Of course, tokens will help here. I could also put a special attribute
into each session and check this attribute in each action. But there are
two points I don't like here.
* There must be at least one action where I create this attribute. And at
least in this action I do not know, if I have a new session or a re-
created one. To make the problem worse we do not require the user to log
in. So we have no special login page we could use for this purpose.
Basically the user may visit almost any page first.
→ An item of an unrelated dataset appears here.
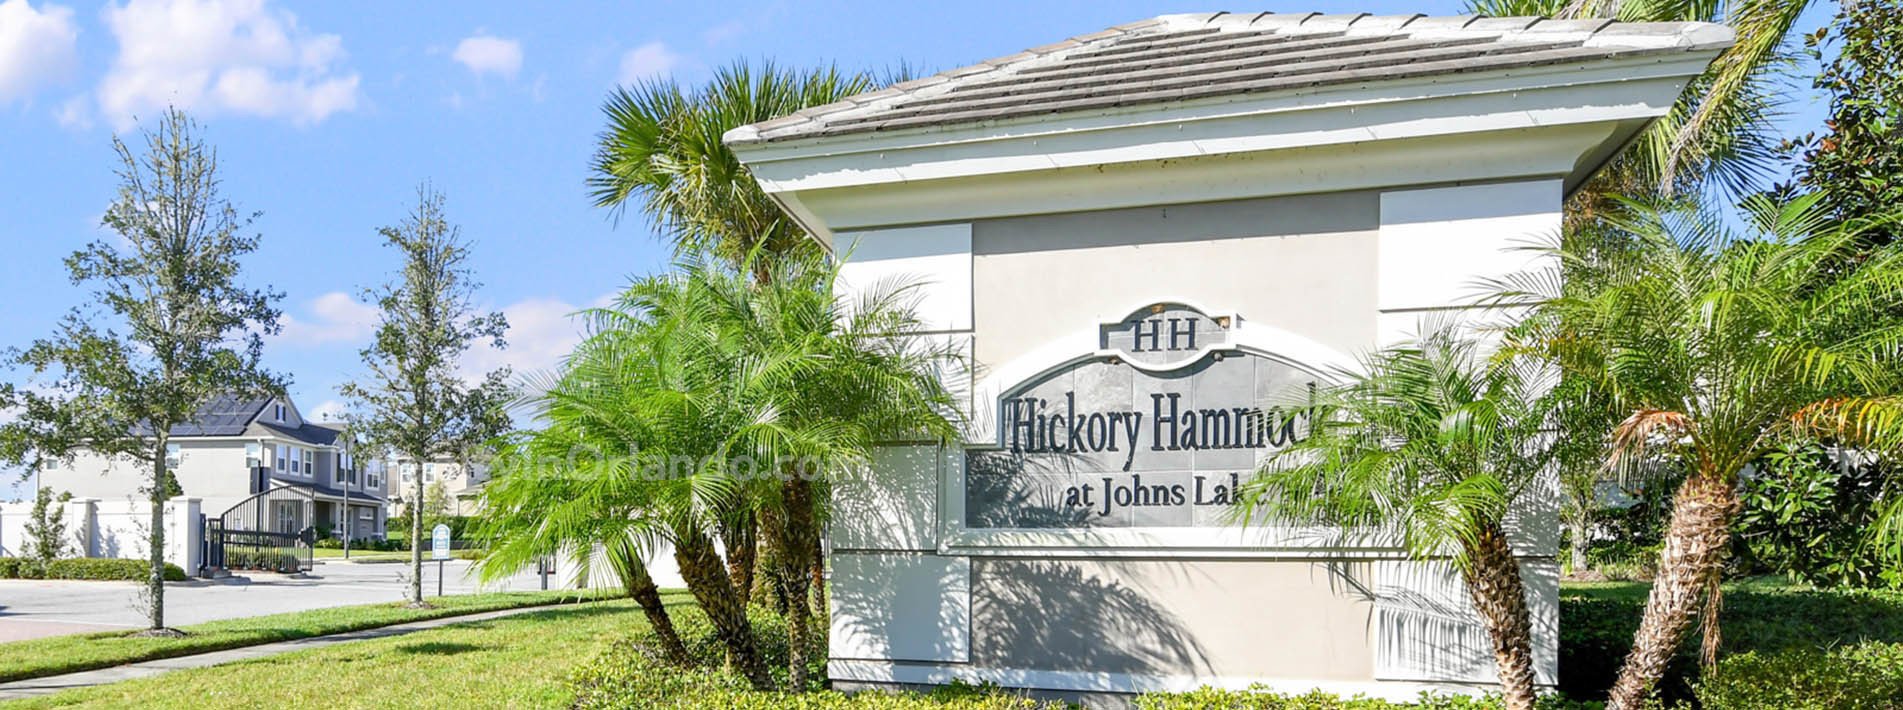 Hickory Hammock Winter Garden Homes for Sale

* I have to check for this attribute in *every* action and on *every* JSP
page. This could be done by creating my own Action base class, of course,
but somehow I don't like the idea (however I can't say why :-) ).
I don't really know how to solve the problem with the JSPs. I would have
created a special tag that checks if the session is new or not. This is
bad but seems to be the only solution. Besides, I would never call JSPs
directly, but some people might want (or have) to do this.
I didn't know that Servlet 2.3 will solve these problems, but what can
we do until then?
andreas
> -----Original Message-----
> From: Jonathan Asbell [mailto:[EMAIL PROTECTED]]
> Sent: Tuesday, June 12, 2001 6:07 AM
> To: Craig R. McClanahan; [EMAIL PROTECTED]
> Subject: Re: Handling session timeouts
>
>
> No Craig. If his session times out, it will loose the token
> in the session.
> Thus the page will not submit because the token in the
> session will not
> match the one in the hidden field.